Scenario This will be the highest level object. It should connect the unity scene with the rest of the game data.
- Create a new C# class
- Delete the start and update methods
- Change the parent type from MonoBehaviour to ScriptableObject
- Add a [CreateAssetMenu] attribute with the menuName parameter set to "TowerDefence/Scenario". (Or insert your own game name here)
- Add fields:
- A string for the unity scene name
- A string for the level name presented to the player
- Integers for lives and gold at the start of the level.
It should all look something like this in the end:
[CreateAssetMenu(menuName = "TowerDefence/Scenario")] public class Scenario : ScriptableObject { public string PresentedName; public string SceneName; public int Lives; public int StartingGold; }
Enemy
- Create a new C# class
- Delete the start and update methods
- Change the parent type from MonoBehaviour to ScriptableObject
- Add a [CreateAssetMenu] attribute.
- Add fields for enemy starting health, damage to players lives when they reach base, movement speed and the sprite they are represented with.
Wave
- Create a new C# class
- Delete the start and update methods
- Remove the parent class type. This will be a regular C# class with no parent.
- Add a [System.Serializable] attribute to the class.

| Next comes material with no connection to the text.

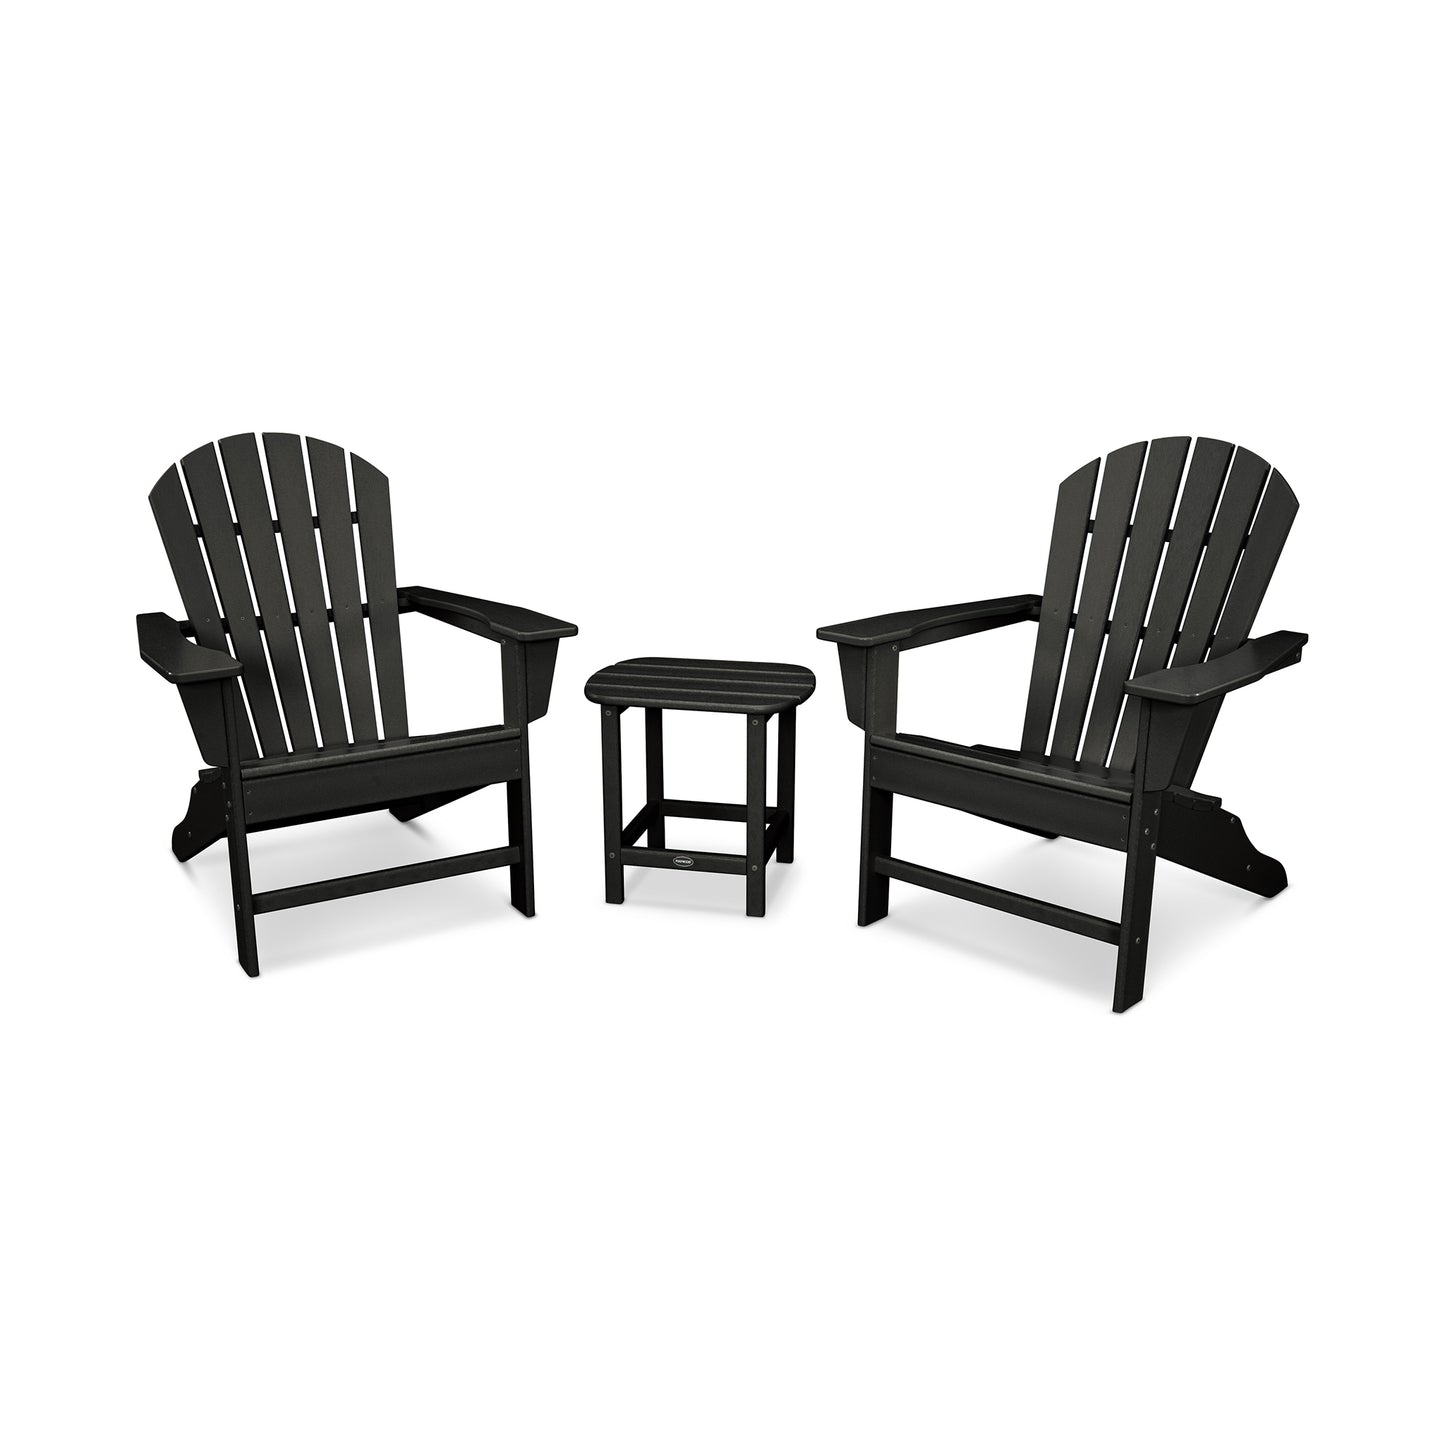 Two black POLYWOOD South Beach Adirondack chairs with a matching small round table, set on a plain white background.

- Add a field for number of enemies in the wave
- Add a field for the type of enemy
- Add a field for cooldown between enemies spawned within a wave.
- Add a list of waves to the scenario
Tower
- Look at the instructions for enemy and scenario class and create the tower data on your own.
- Add a list of towers to the scenario
Create instances
- In editor create a Data folder
- In the data folder create separate folders for: Scenario, Enemy and Tower.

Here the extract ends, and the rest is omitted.